Or if this would help, I could just offload and *not* decode.. would that work? I'd much rather have the captions retained. (And they do on e.g. my Tivo HD)


----------



## alexofindy (Apr 16, 2010)

tried one more experiment. If I take a readynas tivo file, and decode it using kmttg, I get an mpg file type. If I play this file in VLC, I do get captions - they are badly garbled, but readable and clearly present.

more futzing in a few days....


----------



## moyekj (Jan 24, 2006)

mattack said:


> I don't do any conversion, I just keep them in decrypted MPEG 2. Can I play in the reindeer games too? I forget if you're referring to the stream type that tivodecode does NOT work with.


 Offloading from TiVo in PS container is fine (captions are preserved). The key is if returning them to a series 4 unit they have to be returned as TS container and for that to happen you need to set "ts=on" property in pyTivo config.


----------



## moyekj (Jan 24, 2006)

alexofindy said:


> Mediainfo indicates that the files are type MPEG-PS; they do have the EIA-608 caption component, so I don't know why the captions don't play when I transfer them back to the TiVo with pytivo.


 Are you sure you have ts=on set in pyTivo (and that you re-started pyTivo since adding that)? They have to be returned in TS container for captions to be preserved and I suspect that is not happening. One more important factor is you need a recent version of ffmpeg as well as older versions won't work.


----------



## alexofindy (Apr 16, 2010)

Thanks again for the help.

I do have the ts=on in the conf file, and I did restart pyTivo (it goes in the [server] section, correct?)

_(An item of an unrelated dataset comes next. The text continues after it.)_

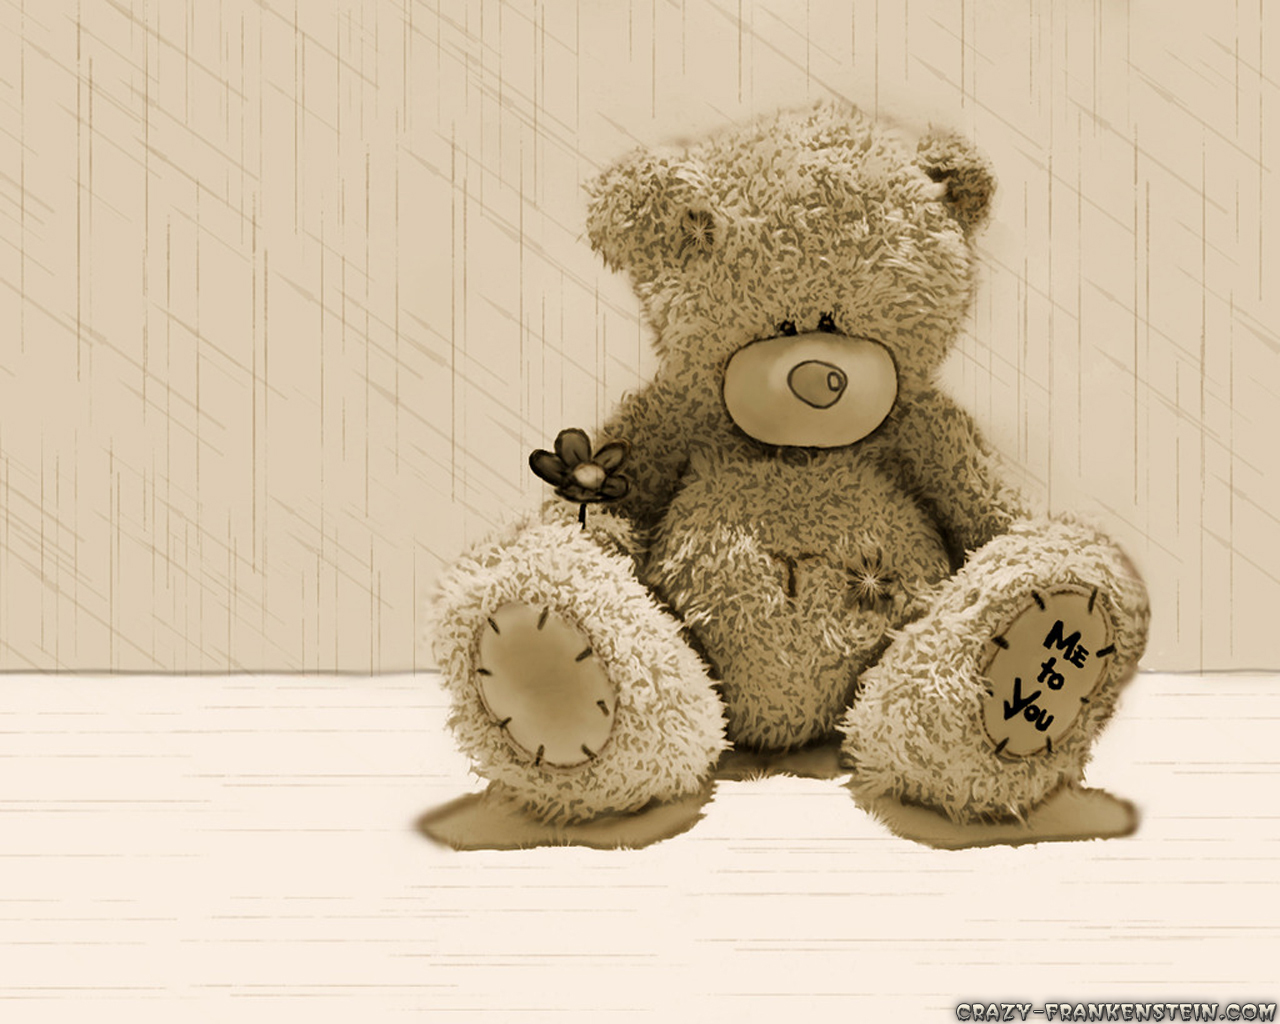 Teddy bear wallpaper

I may have downloaded the wrong version of ffmpeg, and will give it another go this weekend.

I will get back to this issue, and again, I really appreciate your help.


----------



## bobfrank (Mar 17, 2005)

moyekj said:


> Series 3 TiVos actually don't have the bug that the series 4 TiVos do. i.e. mpeg2 program streams transferred to your series 3 unit do properly preserve captions. The problem with DVDs is the captions they use are not quite compatible with what TiVo needs. However if you use recent versions of VideoRedo TV-Suite and are willing to re-encode to H.264 then you can get working captions from DVD sources. (You then need to use pyTivo push to transfer the H.264 recording to your THD). See the pyTivo thread around here:
> http://www.tivocommunity.com/tivo-vb/showthread.php?p=9450330#post9450330
> 
> Another perhaps easier way to go for DVD sources is extract captions to accompanying videoFile.srt file and then use streambaby to "stream" the file to your THD. streambaby automatically looks for the .srt file and will display captions that you can toggle on/off using zoom button. You can use kmttg as a front end to ccextractor to extract captions from a DVD mpeg file.


I made a quick test of your VideoRedo/pyTivo suggestion and didn't have any success. I'll make a more exhaustive test later.

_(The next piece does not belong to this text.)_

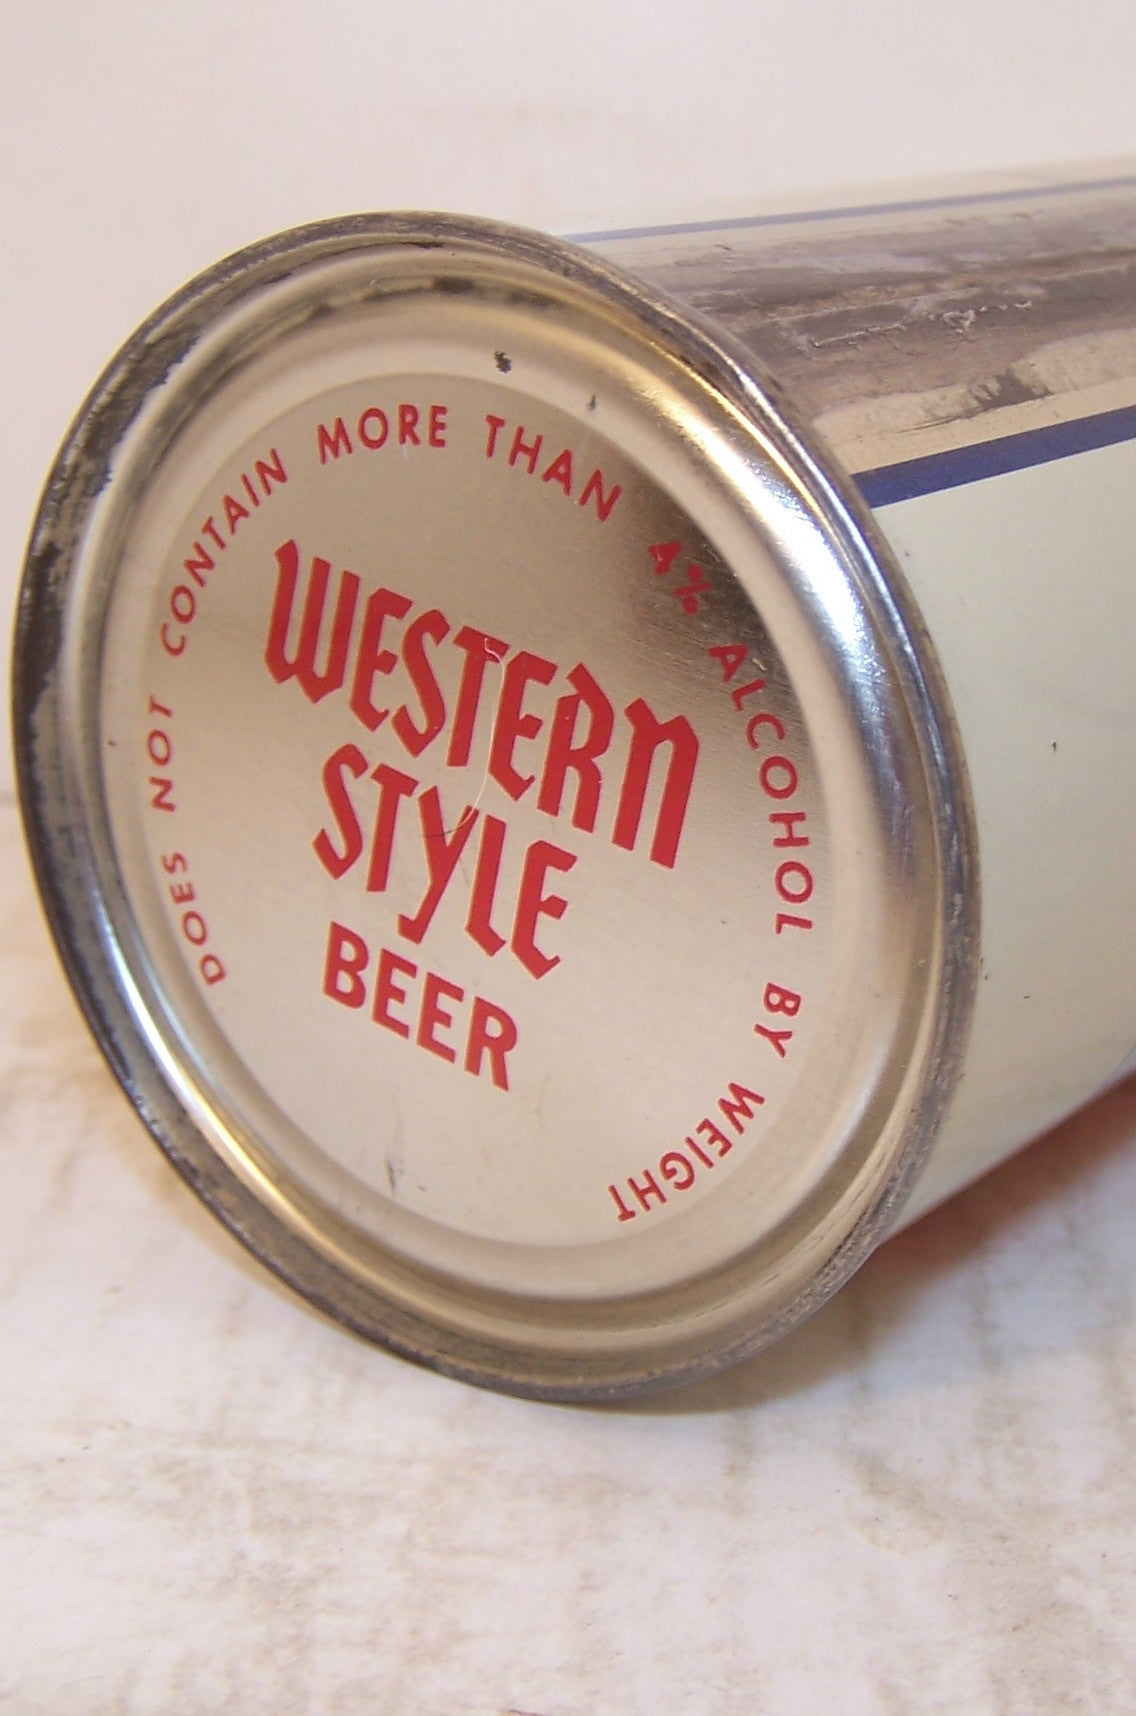 Western Style Pilsener Beer, USBC 145-11. Grade 1. Sold on 06/23/18

I have used the Streambaby solution, but it fails for other family members if I don't have the computer running.

Thank you for the suggestions.

Bob


----------



## mattack (Apr 9, 2001)

moyekj said:


> Are you sure you have ts=on set in pyTivo (and that you re-started pyTivo since adding that)? They have to be returned in TS container for captions to be preserved and I suspect that is not happening. One more important factor is you need a recent version of ffmpeg as well as older versions won't work.


Do you know how I can set this in the Mac OS X GUI PyTivoX?

I looked around a bit the other day and couldn't find anything..


----------



## moyekj (Jan 24, 2006)

mattack said:


> Do you know how I can set this in the Mac OS X GUI PyTivoX?
> 
> I looked around a bit the other day and couldn't find anything..


 Nope. But most likely the pyTivo that is part of that deprecated project is so ancient it doesn't have the TS code anyway. I would switch to wmcbrine pyTivo.


----------



## mattack (Apr 9, 2001)

That's not a GUI pyTivo is it? I live in CLI all the time, but for something like pyTivo, I'd prefer a GUI app.

Yeah, uggh, looks like there's no GUI option.. plus PyTivoX lets me use *multiple* folders. Looks like pytivo itself only allows one at a time. Mostly due to space reasons (I'm now starting to eat into my saved recordings), I was saving in a few different places.


----------



## moyekj (Jan 24, 2006)

mattack said:


> That's not a GUI pyTivo is it? I live in CLI all the time, but for something like pyTivo, I'd prefer a GUI app.
> 
> Yeah, uggh, looks like there's no GUI option.. plus PyTivoX lets me use *multiple* folders. Looks like pytivo itself only allows one at a time. Mostly due to space reasons (I'm now starting to eat into my saved recordings), I was saving in a few different places.


 pyTivo does allow for multiple video and/or audio shares. There is a web server GUI for it. pyTivoX is no longer maintained so you won't get much help with it.


----------



## alexofindy (Apr 16, 2010)

I still can not send tivo videos back to my tivo with the captions intact using pyTivo.

The videos are stored on my Netgear Readynas file server. Mediainfo shows the captions to be present in the .tivo video files. If I send the shows back to my tivo directly (the readynas acts as a DLNA server, and appears under My Shows on my tivo) the shows play fine, but no captions.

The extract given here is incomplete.